On Friday, civil society leaders from 17 countries met in Ottawa with Len Edwards, Prime Minister Stephen Harper’s representative at the Group of 20, and Graham Flack, a senior international official at the Finance Department. Peter Harder, a former Canadian sherpa, chaired the meeting, which was the first official contact between the G20 and its non-governmental critics.
This was a significant development. To become effective, the G20 must establish legitimacy beyond the governments that make up the group. One way to achieve this is by listening to your critics. Think of it this way: If you know you are being watched, you might as well invite the watchers in for tea.
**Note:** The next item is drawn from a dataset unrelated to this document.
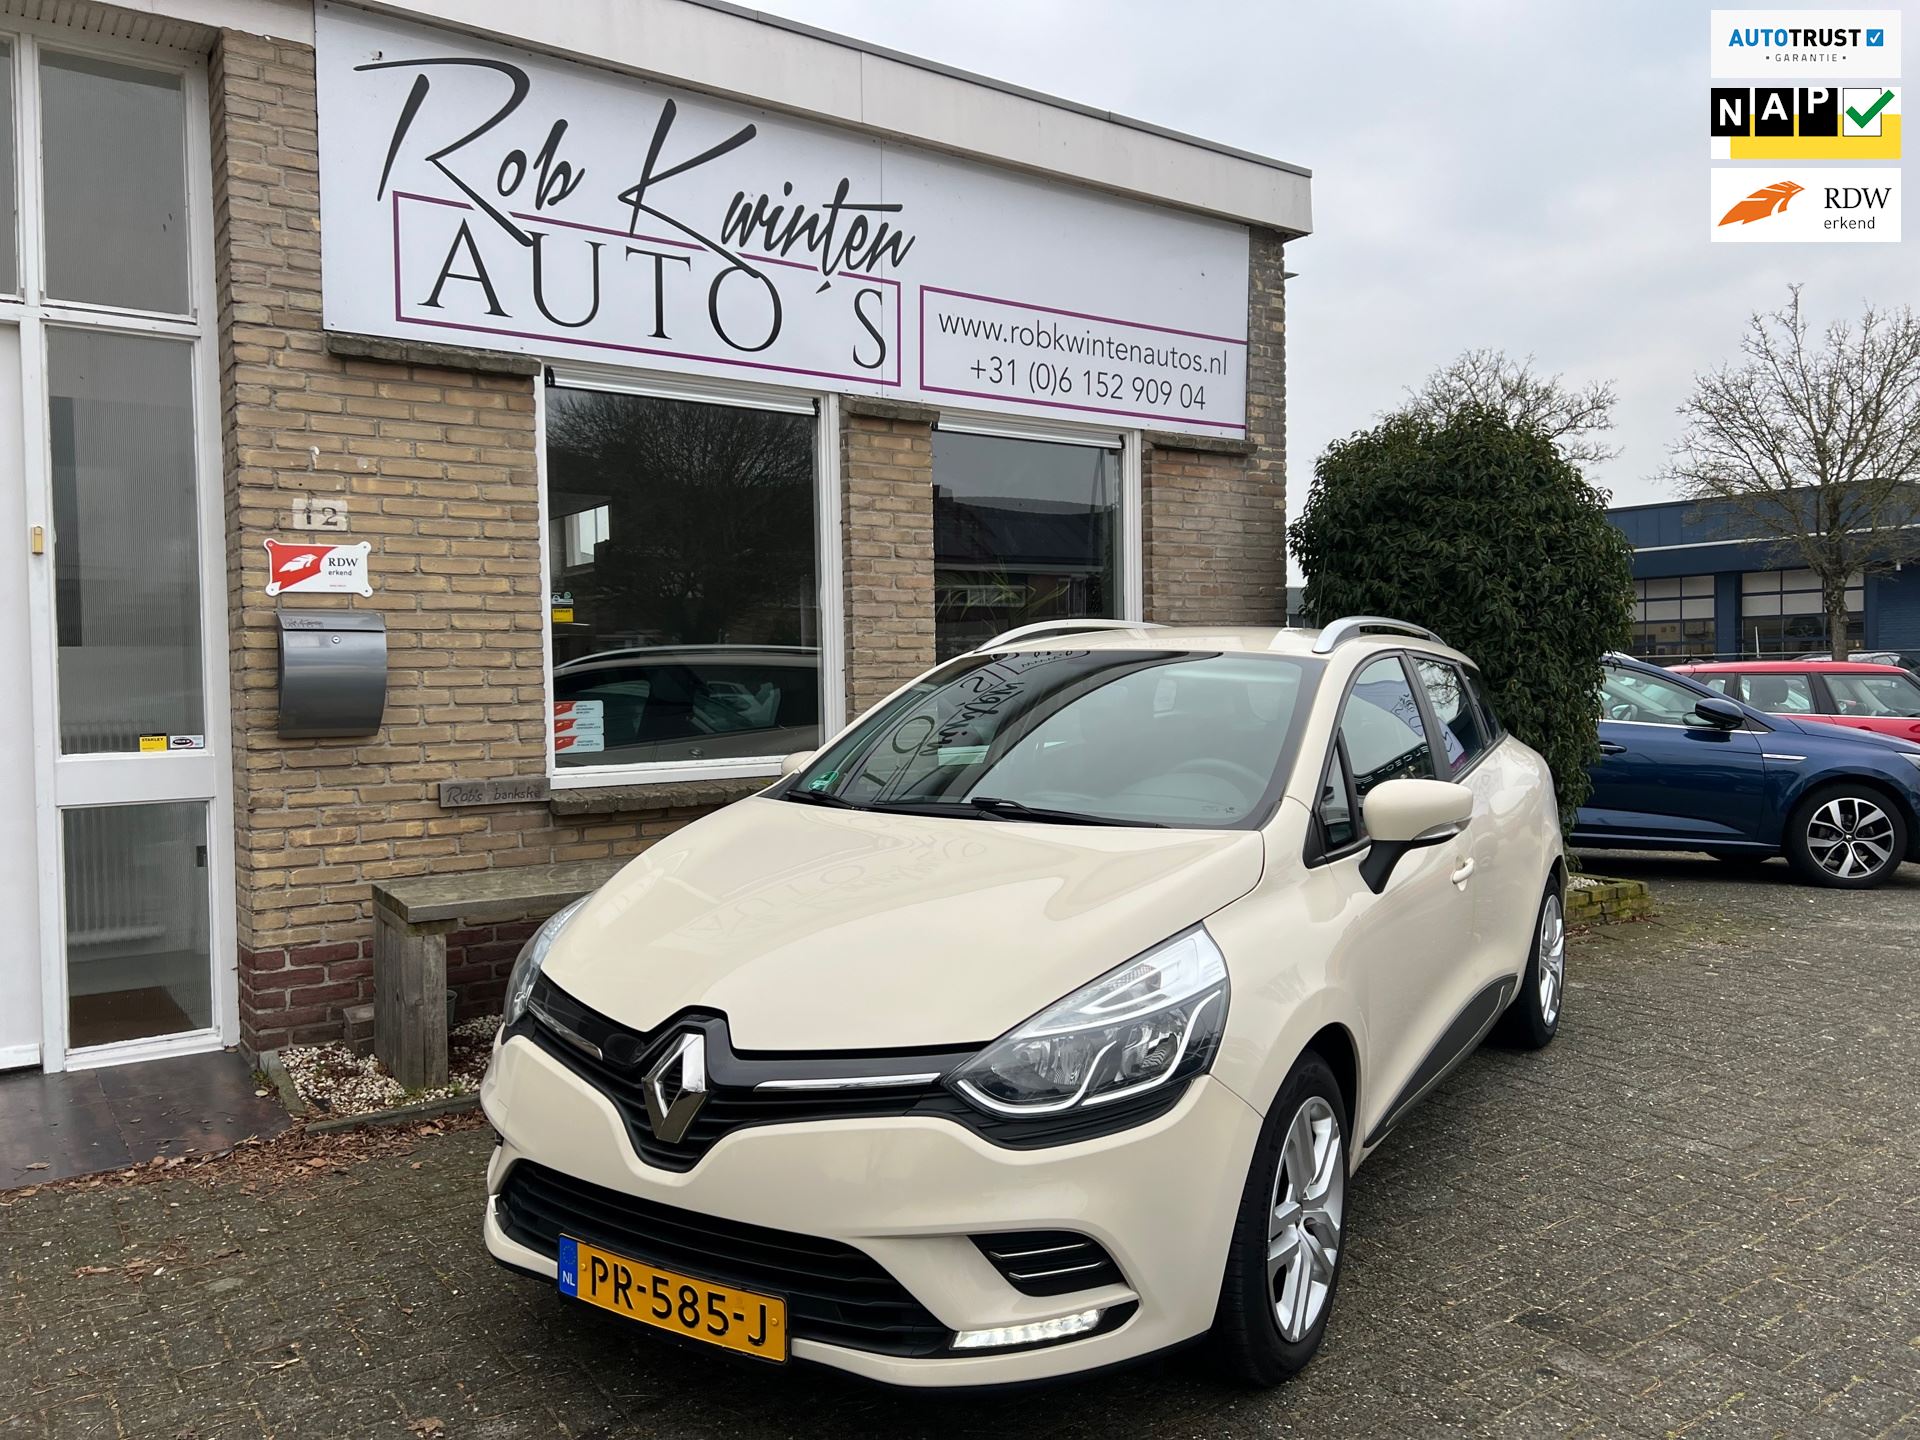 niet voldoende ontwerp Kosciuszko Renault Clio Estate - 0.9 TCe Zen Navigatie / Airconditioning Benzine uit  2017 - www.robkwintenautos.nl

It builds trust. Failure to do so only creates doubt, of which there already is plenty.
The civil society groups were brought together by FIM-Forum for Democratic Global Governance, formerly known as the Forum international de Montreal. Rajesh Tandon, the chairman of FIM-Forum, said their meeting with the Canadian officials revolved around these themes: individuals’ anger that billions in public money was used to rescue the same institutions that caused the crisis; concern that the banking system is receiving more attention than issues such as unemployment and food security; and accountability.
On the first two, Dr. Tandon said in an interview from Ottawa on Sunday that they asked the G20 to “look at the future through the lens of a green economy that eradicates poverty.” In other words, create a global economy is less geared toward banks and bond traders. “You don’t have to rescue the model,” Dr. Tandon said. “While rescuing the economy you can construct a new model.”
On accountability, Dr. Tandon said they encouraged the Canadian sherpas to institutionalize a dialogue between civil society and the G20 much like had been done between NGO’s and the G8. This isn’t a given. Not all G20 countries – China, for example – are fans of public criticism, let alone striking up a relationship with those critics. But in Dr. Tandon’s view, this is where the G20 will prove itself as a political body. If it can encourage China and others to take a warmer view on free speech and open debate, it might be worth supporting.
According to Dr. Tandon, the G20 also must end the deadlock surrounding an overhaul of governance at the International Monetary Fund, a major symbolic issue for emerging countries who tend the view the institution as a tool of the White House, or at best, a tool of the White House and Brussels.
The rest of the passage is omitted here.